BiH’s New Conflict of Interest Law: the bad and the ugly – nothing good

DPC is sharing threads posted on Twitter/X for readers not on that platform.

1/ On Wednesday, Bosnia and Herzegovina’s state-level coalition reached agreement on a draft law on conflict of interest, which was adopted by the Council of Ministers.

2/ As we point out in a separate thread posted today, the politics of greenlighting accession negotiations are fraught and will play into the hands of incumbent elites in the country.

But beyond that, the law is highly problematic on substance.

3/ It formally replaces the existing conflict of interest commission, composed of a majority of MPs, by an independent body of 7 expert members. However, through a composition mirroring the ethnic power-sharing model of Dayton BiH, …

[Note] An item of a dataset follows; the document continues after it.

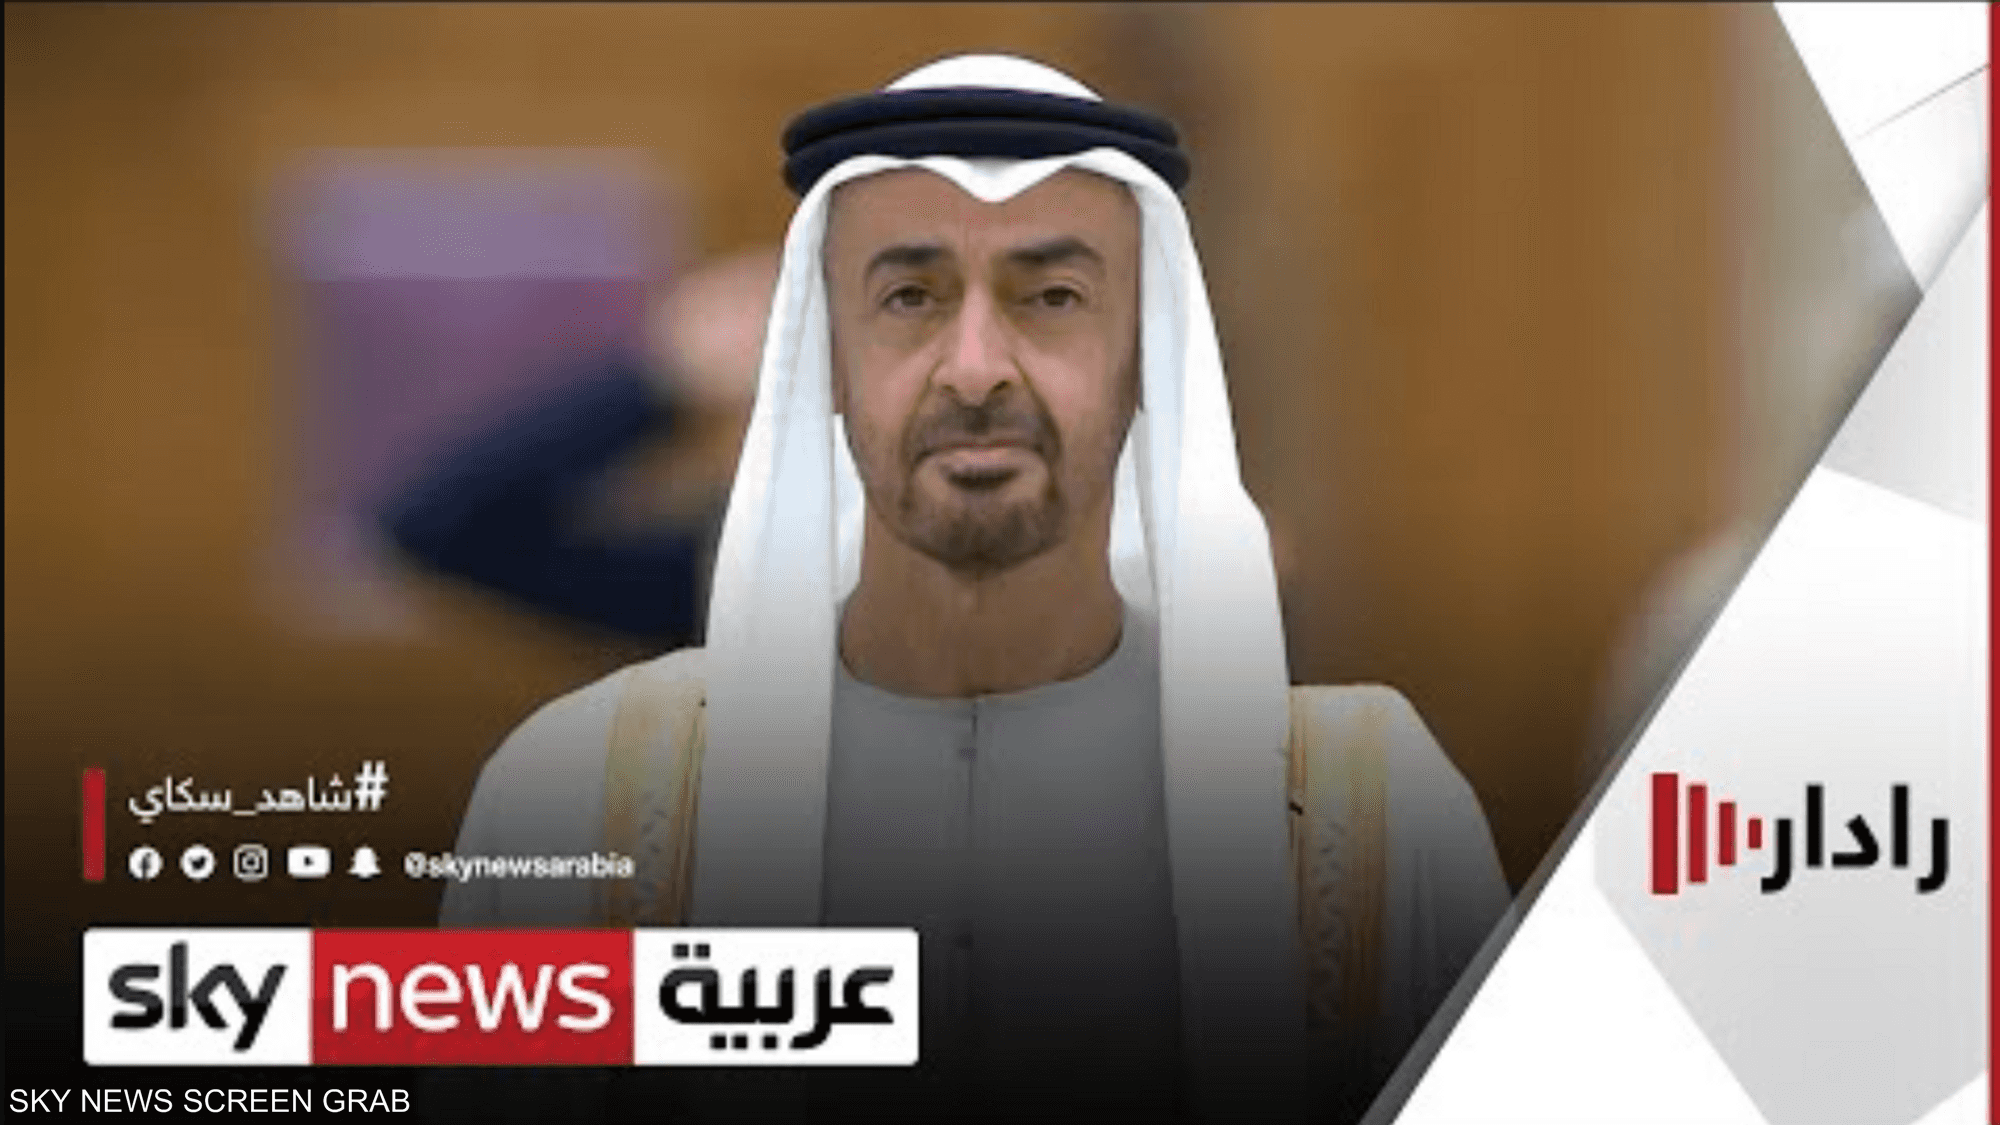 زعماء وقادة يهنئون الشيخ محمد بن زايد لانتخابه رئيسا للدولة

4/ … with two members coming from each of BiH’s three constituent peoples, and one from the “others” (article 18), combined with their appointment by the BiH parliament by simple majority (article 19), …

5/ … the commission in reality will remain under the total control of the ruling coalition, with the Dodik-Čović tandem controlling a majority that will prevent the commission from taking any decision against their party interests (article 22).

6/ Such a body will certainly do nothing to push against endemic corruption and nepotism unless it is in the service of their narrow party agendas. It encapsulates the mutually assured destruction – and defining deviancy down – at the heart of BiH’s #PeaceCartel.

7/ In addition, the new law opens the possibility for entity and cantonal legislation to annul the ban on state-level officials to simultaneously hold office at lower levels of governance (art. 6 (2)).

8/ Further, unlike the existing law and earlier drafts of the new law, the final version removes the unrestricted obligation of institutions, bodies and legal persons in the entities and cantons to provide financial and property data of a public official …

9/ … when requested by the commission, i.e. it (art. 17 (3)) enables entities and cantons to adopt legislation blocking such an obligation; which history shows they will certainly do to reduce transparency.

10/ Finally, the new law removes a provision in the existing one that entity laws on conflict of interest are not allowed to contravene the state law, meaning that lower-level laws will be able to be even weaker than this already weak state law.

11/ To sum up, the law scheduled for passage today will not fight conflicts of interest, but rather change the law to make such conflicts easier to pursue – and hide.

12/ It also furthers Dodik & Čović’s aim of further weakening state primacy in favor of levels of govt over which they exercise singular control. In giving an EU seal of approval to the law, the EU is helping BiH politicians consolidate feudal dominance in “their” domains.